| DATA SEGMENT |
'''
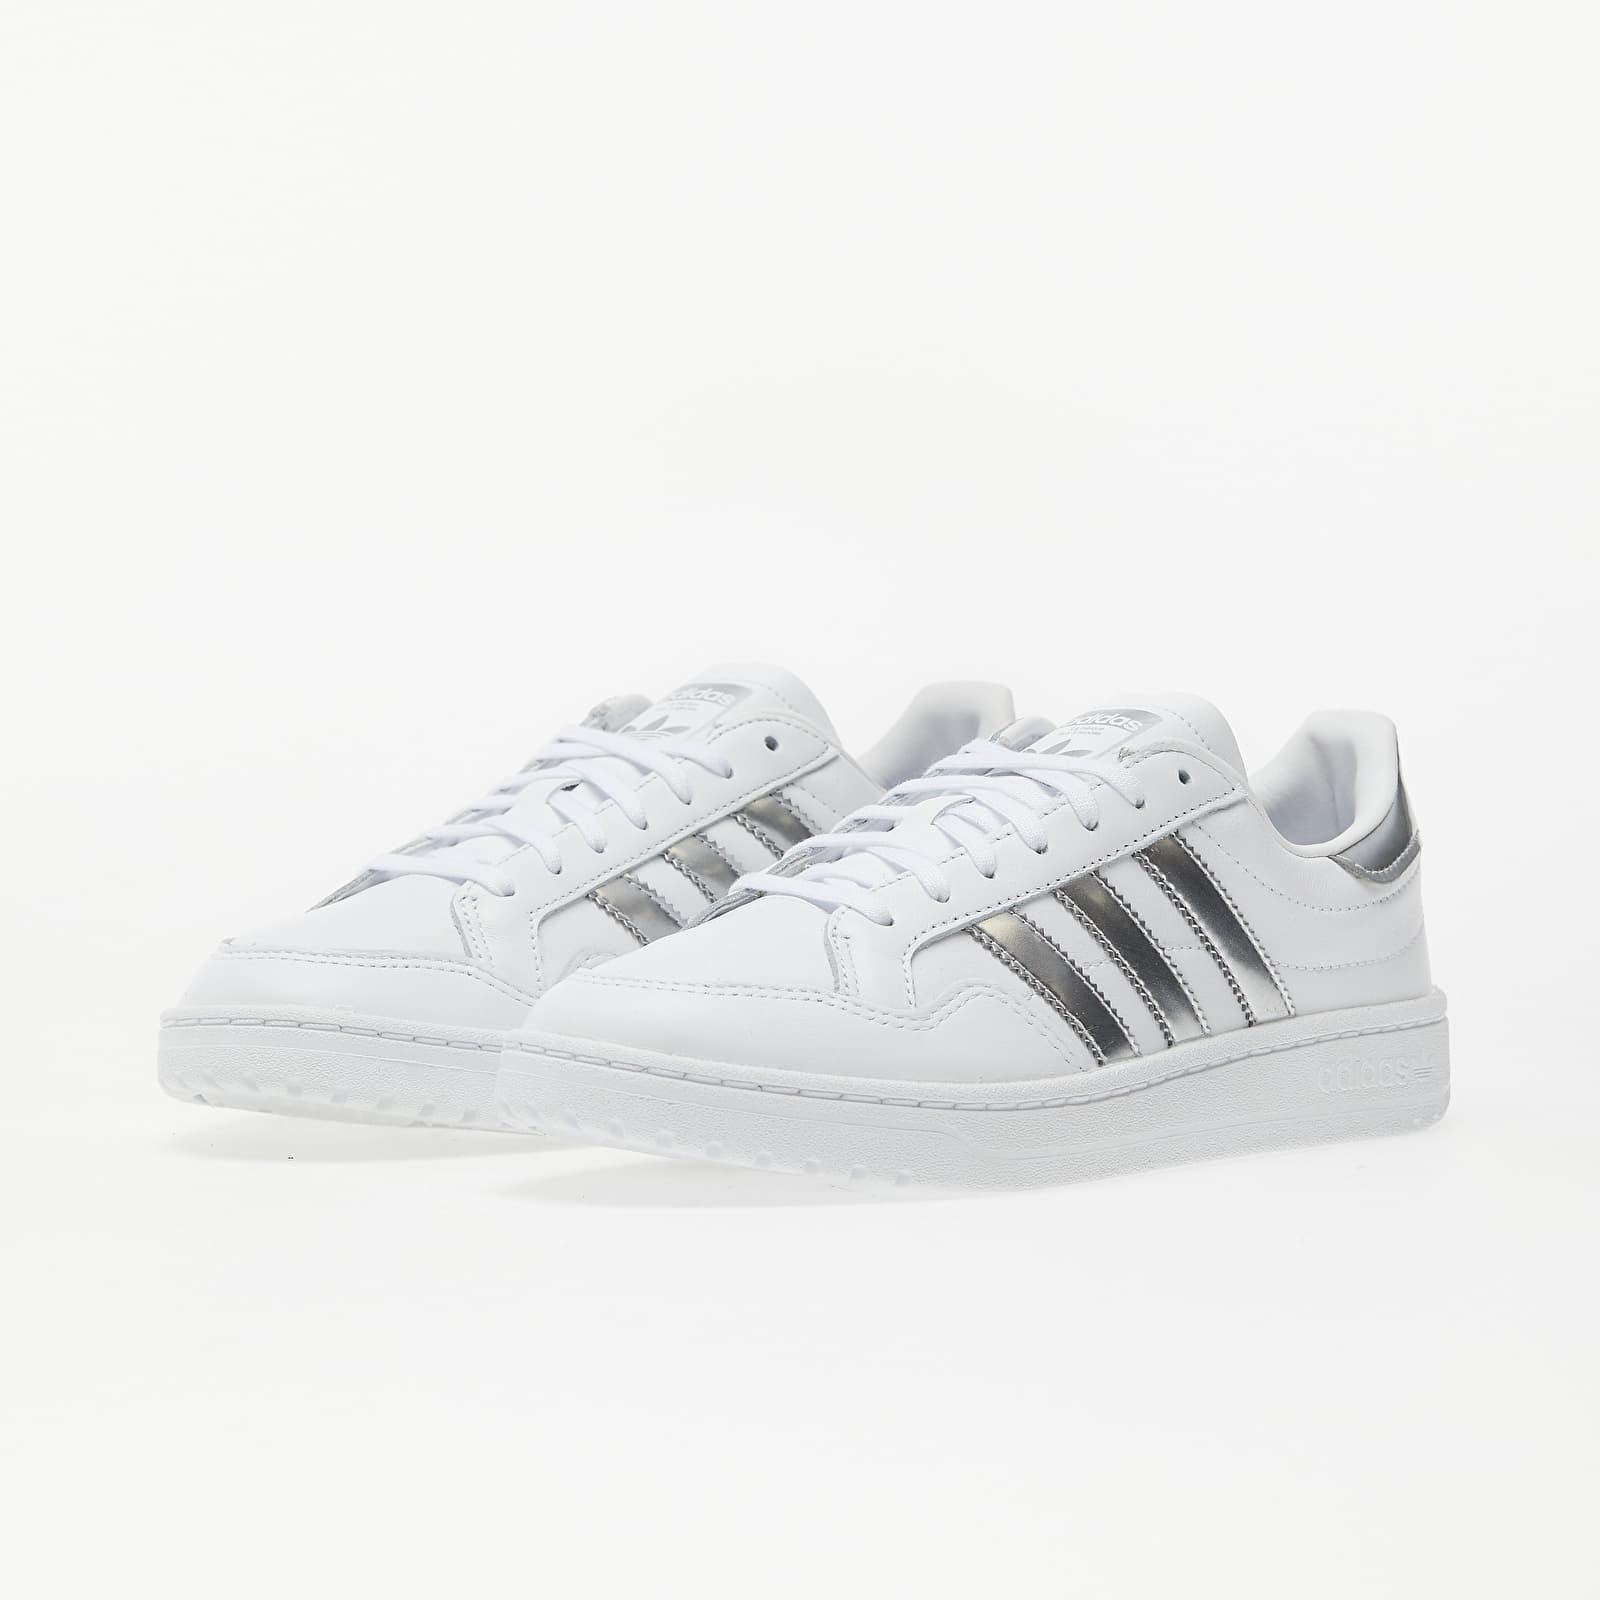 adidas Originals Leather Modern Court Sneakers in White/Silver (White) -  Save 46% - Lyst
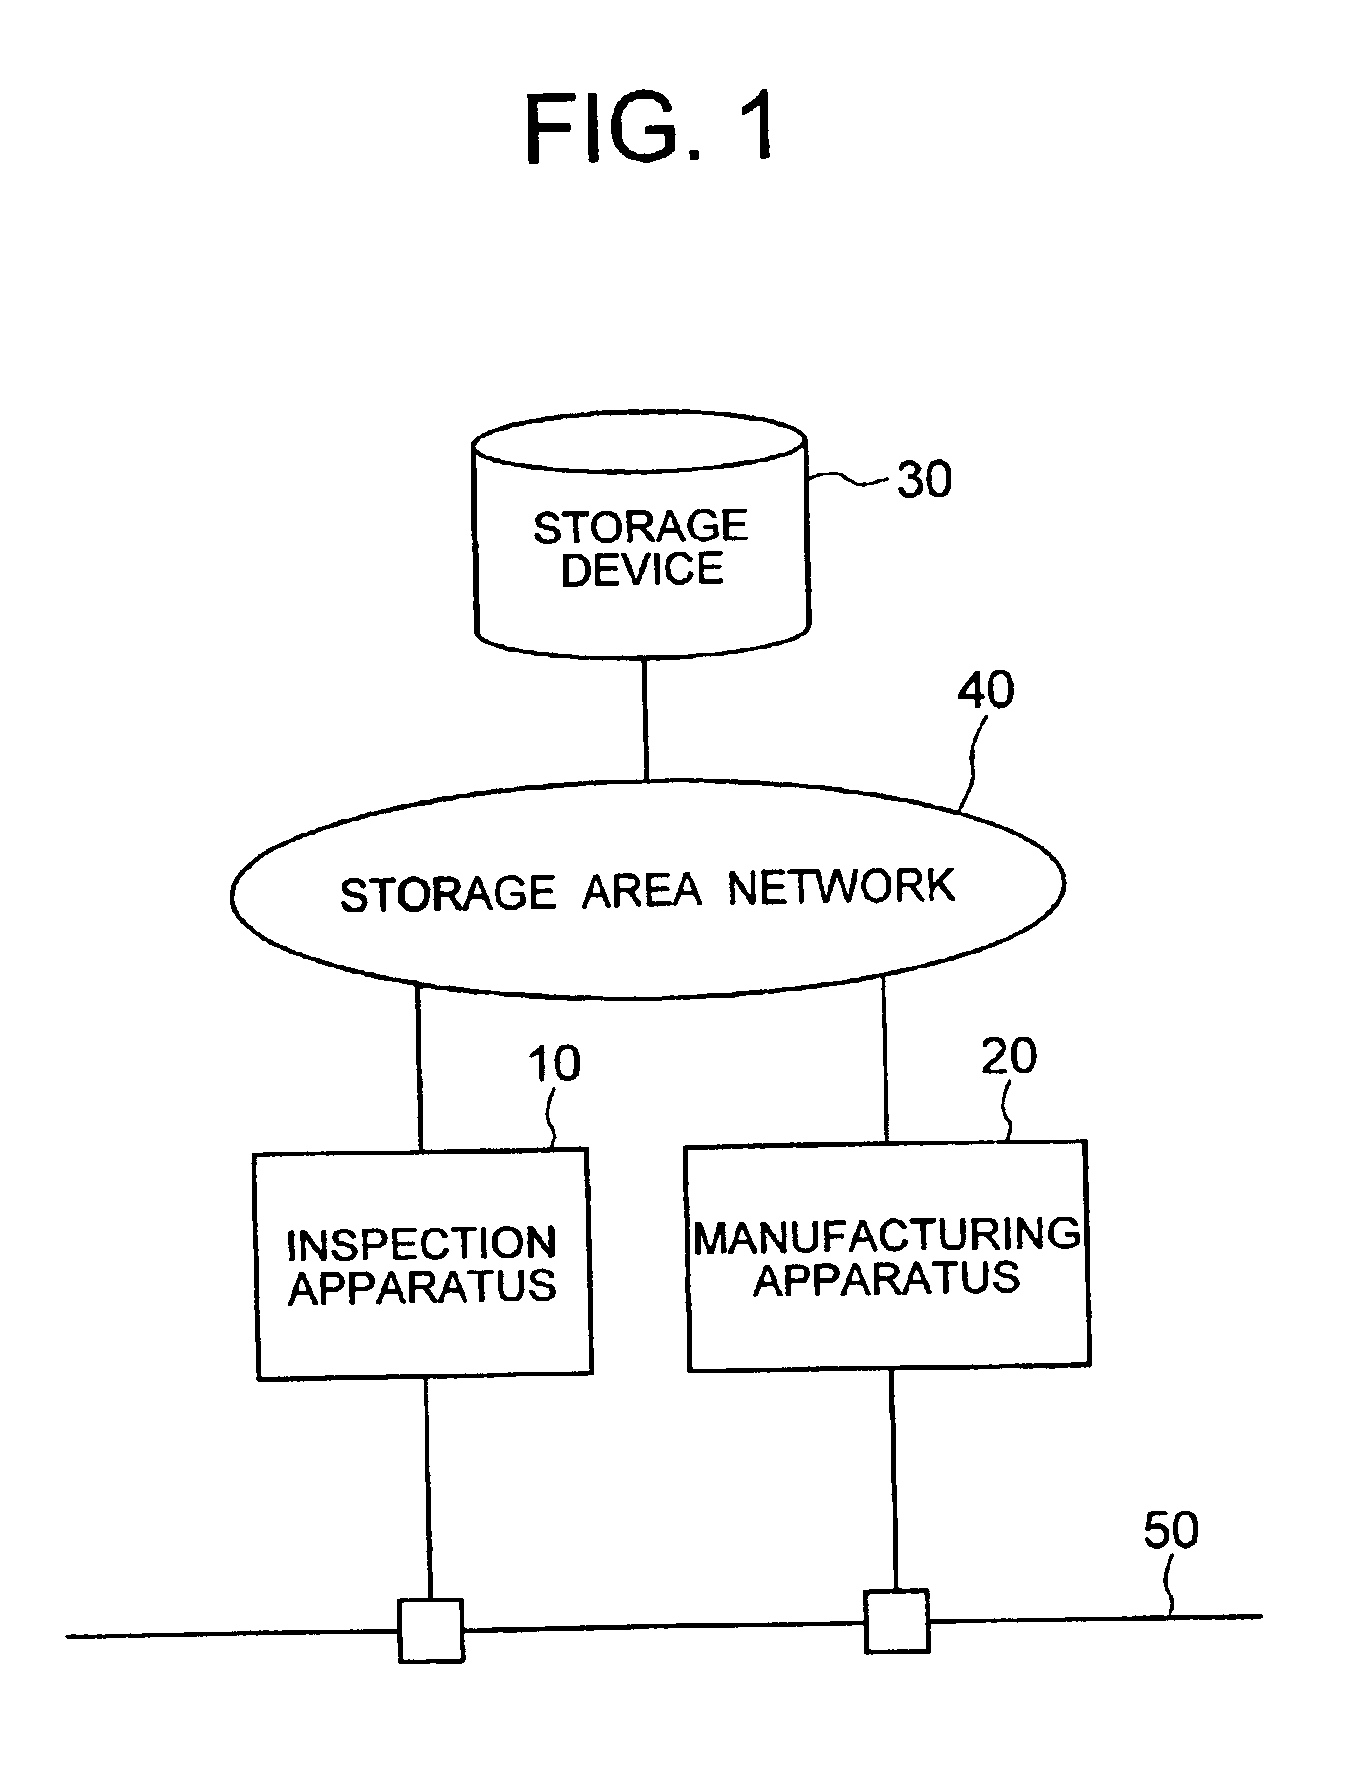 Semiconductor production system
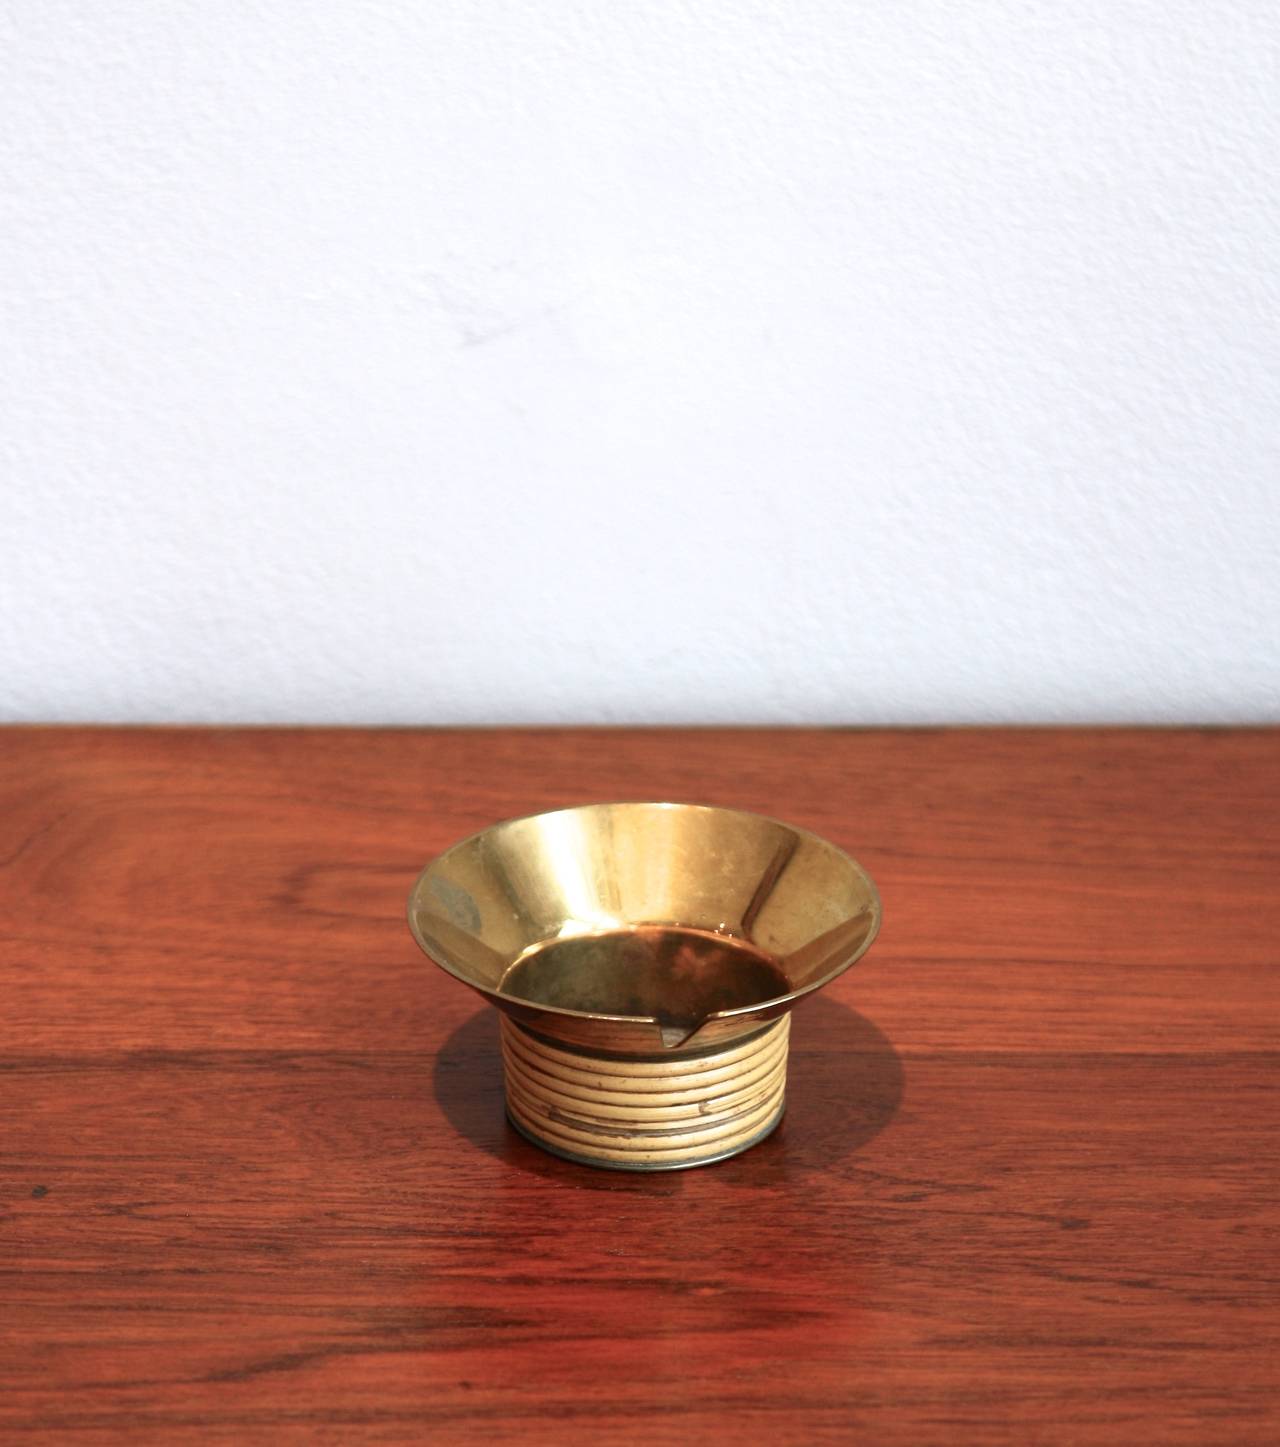 Lovely brass and original wicker ashtray by the famous workshop of Carl Auböck.
'''
| PROBLEM TO WORK ON |
All that's required is the material above repeated exactly, minus any picture.

| RESULT OF THIS TASK |
 adidas Originals Leather Modern Court Sneakers in White/Silver (White) -  Save 46% - Lyst
 Semiconductor production system
 Lovely brass and original wicker ashtray by the famous workshop of Carl Auböck.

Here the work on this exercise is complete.